No STARTTLS capability was being shown. I restarted the sendmail service many times by now, so that I actually managed to spot the error:

  Nov 20 12:04:20 opal sm-mta[88853]: STARTTLS=server, error: SSL_CTX_check_private_key failed (PATHNAME ELIDED): 0

Sendmail was showing STARTTLS on crimson, the backup server, so I compared configurations. I found a key difference in the sendmail configuration file (<machine_name>.mc):

crimson

  define(`confSERVER_CERT', `CERT_DIR/cert.pem')dnl

opal

  define(`confSERVER_CERT', `CERT_DIR/chain.pem')dnl

Yet another shoot footing incident.

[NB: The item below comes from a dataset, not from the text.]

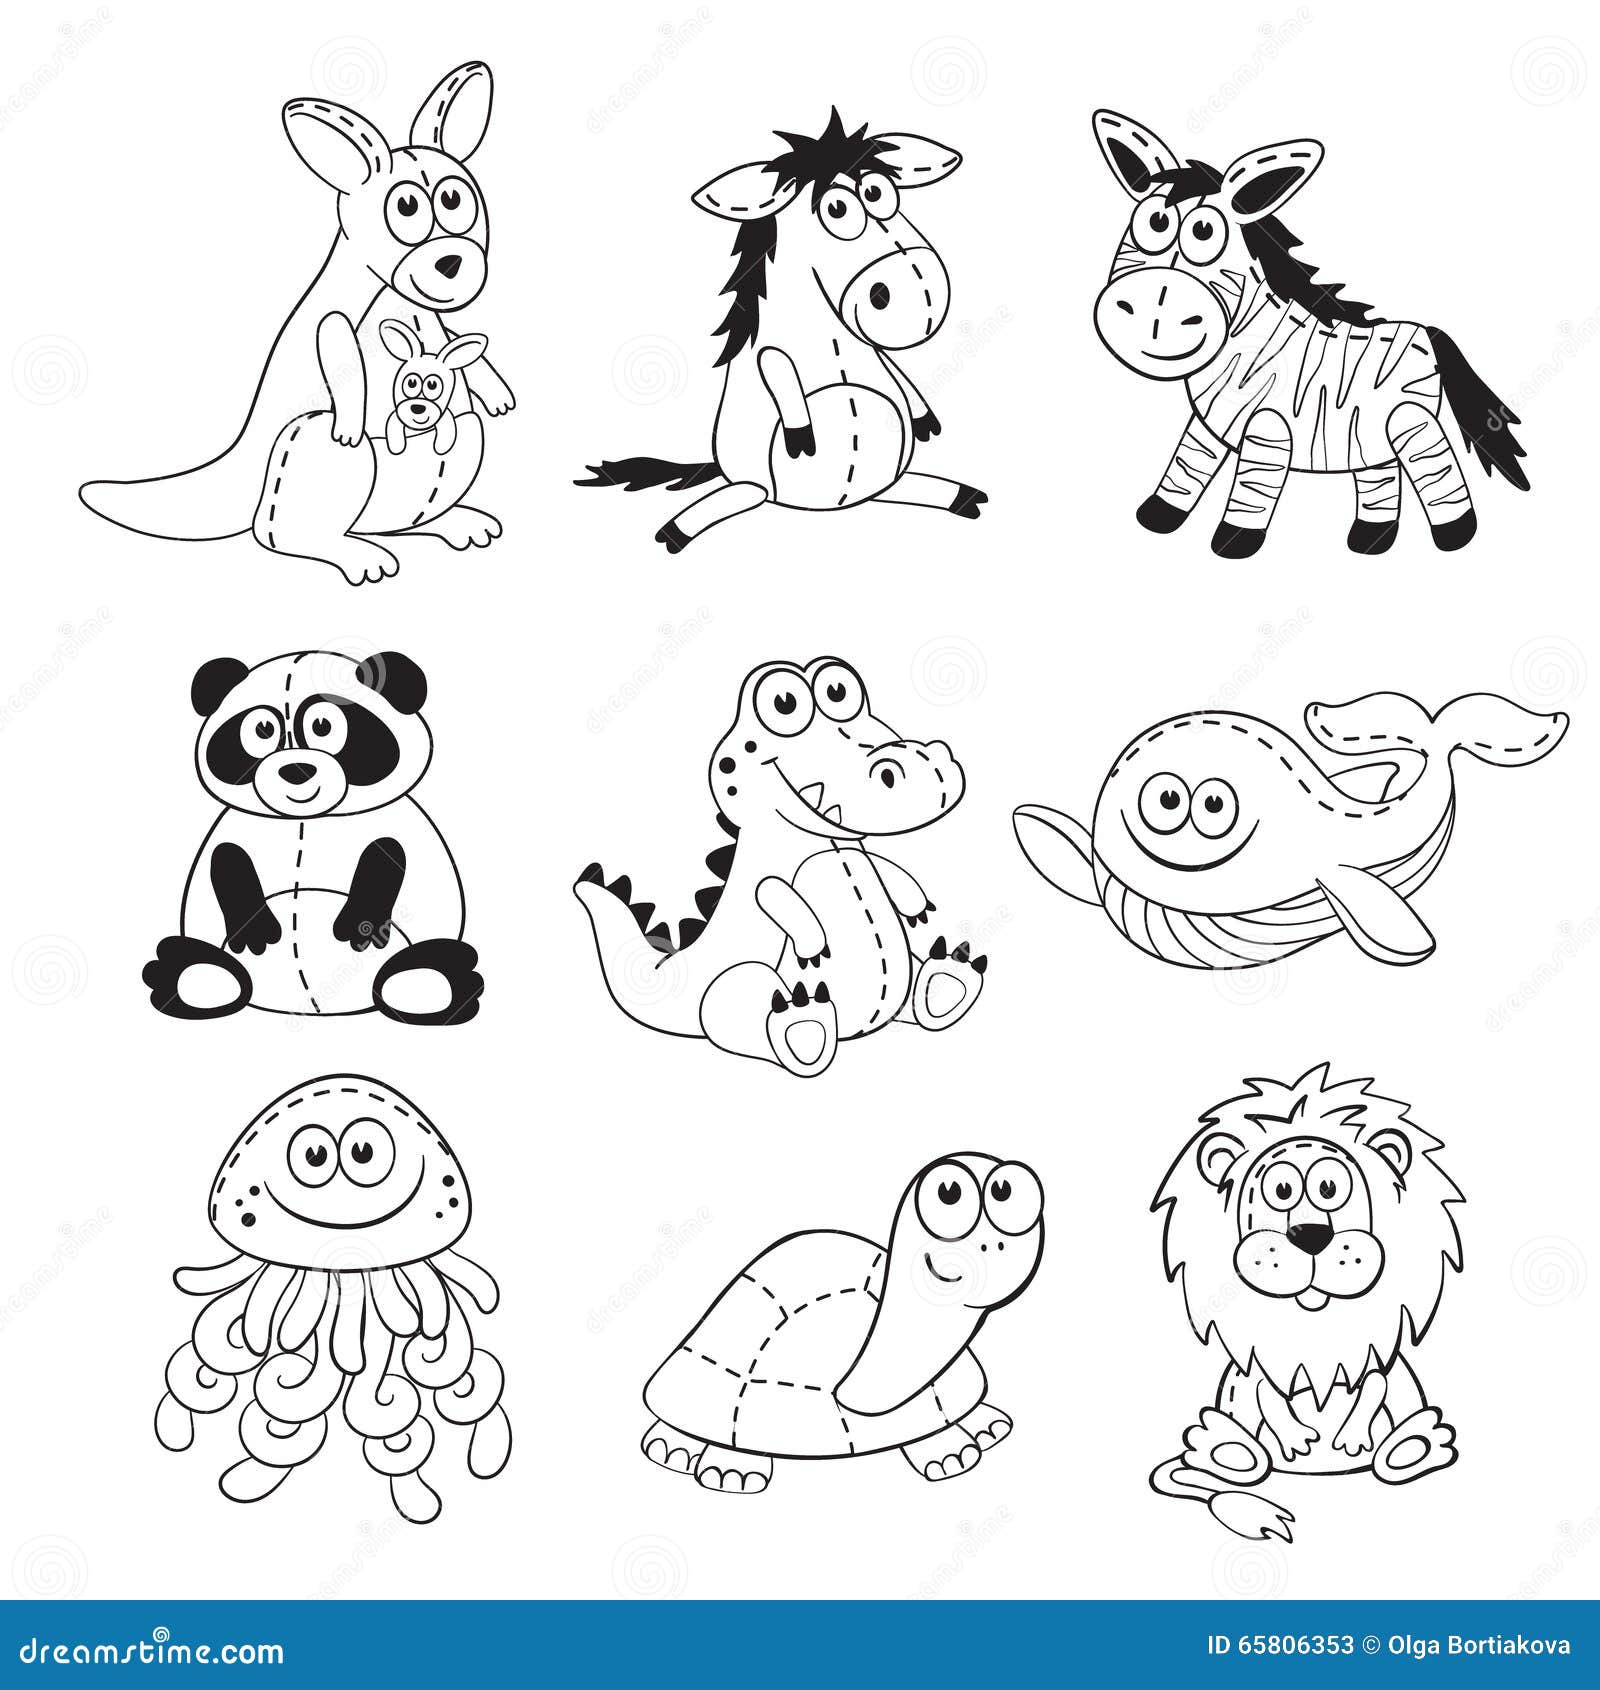 Cartoon Animals Outlines Stock Vector - Image: 65806353

I must have changed this sometime in the past for reasons I can no longer remember and hadn't noticed the effect. Shows how often I send mail out from a remote client using hydrus.org.uk.

Now, the fullchain.pem file is used to supply the SERVER_CERT and all is good.

At present, Cloudflare is resolving bl.spamcop.net without error, but there does seem to be a small delay after the address is returned in nslookup.